A multiple regression model with two predictors is written as $\hat{y} = b_0 + b_1x_1 + b_2x_2$ , where $\hat{y}$ is the predicted response.
The intercept $b_0$ is the predicted value of $y$ when all explanatory variables equal $0$ , if that situation makes sense in context.
A slope coefficient $b_i$ estimates the change in $\hat{y}$ for a $1$ -unit increase in $x_i$ while all other predictors are held constant.
A residual is the prediction error for one data point, calculated by $e = y - \hat{y}$ .
The coefficient of determination $R^2$ is the proportion of variation in $y$ explained by the regression model, with $0 \le R^2 \le 1$ .
Adjusted $R^2$ penalizes unnecessary predictors and is often better than $R^2$ for comparing models with different numbers of explanatory variables.
Multicollinearity occurs when predictors are strongly related to each other, which can make coefficient estimates unstable and hard to interpret.
A prediction should usually be made only within the range of the original data because extrapolation can be unreliable.

Vocabulary

Multiple Regression: A statistical method that predicts one response variable using two or more explanatory variables.
Response Variable: The variable being predicted or explained, usually represented by $y$ .
Explanatory Variable: A variable used to predict the response variable, often represented by $x_1$ , $x_2$ , and so on.
Coefficient: A number in the regression equation that shows how a predictor is associated with the predicted response when other predictors are held constant.
Residual: The difference between an observed value and its predicted value, calculated as $e = y - \hat{y}$ .
Multicollinearity: A problem that occurs when explanatory variables are highly correlated with each other.

Common Mistakes to Avoid

Interpreting a coefficient without saying other variables are held constant is wrong because each slope in multiple regression adjusts for the other predictors in the model.
Assuming a larger $R^2$ always means a better model is wrong because adding more predictors can increase $R^2$ even when those predictors are not useful.
Using the model far outside the data range is wrong because extrapolated predictions may not follow the same pattern seen in the sample.
Treating correlation between predictors as harmless is wrong because strong multicollinearity can make slopes change dramatically when the model changes.
Confusing residuals with predicted values is wrong because a residual measures error, while $\hat{y}$ is the model's predicted response.

Practice Questions

1 A model predicts final exam score with $\hat{y} = 42 + 5x_1 + 3x_2$ , where $x_1$ is study hours and $x_2$ is hours of sleep.
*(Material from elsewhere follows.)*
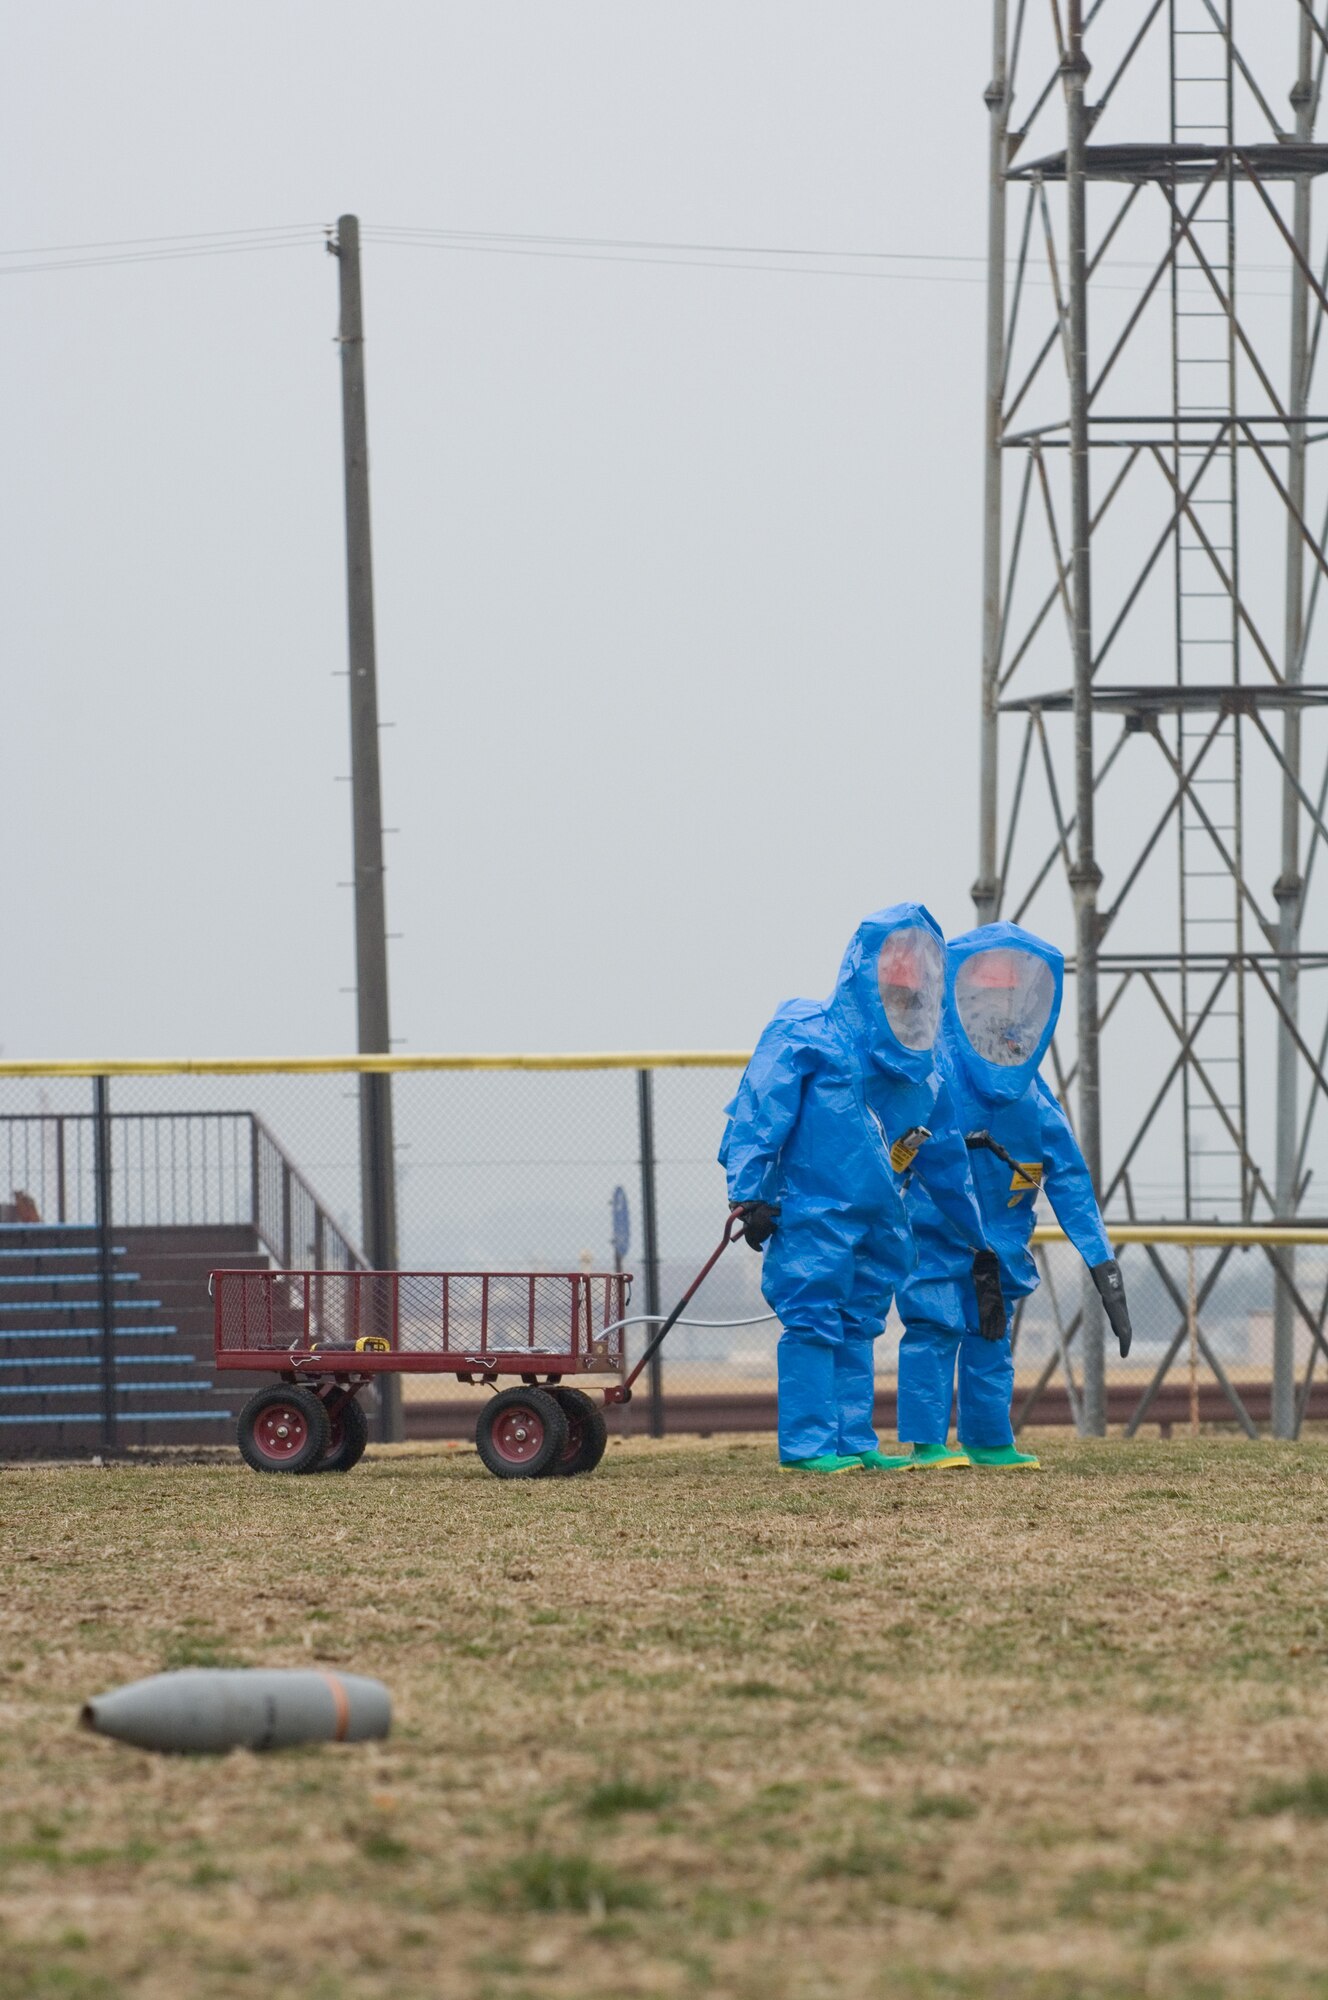 YOKOTA AIR BASE, Japan -- Airman Basic Joshua Chavez, 374th Aerospace Medicine Squadron, and Airman 1st Class Sean Gold, 374th Civil Engineer Squadron, investigate a simulated contaminated area during a chemical response exercise here Feb. 24. The exercise was part of All Hazards Response Training to prepare 374th Airlift Wing Airmen to respond appropriately to a chemical incident. (U.S. Air Force photo/Osakabe Yasuo)

Find $\hat{y}$ when $x_1 = 6$ and $x_2 = 8$ .
2 For one student, the observed score is $y = 91$ and the predicted score is $\hat{y} = 86$ . Find the residual $e = y - \hat{y}$ .
3 In the model $\hat{y} = 1200 + 850x_1 - 40x_2$ , where $x_1$ is years of experience and $x_2$ is commute distance in miles, interpret the coefficient $-40$ in context.
4 A model has a high $R^2$ , but two predictors are strongly correlated with each other. Explain why the model may still be difficult to interpret.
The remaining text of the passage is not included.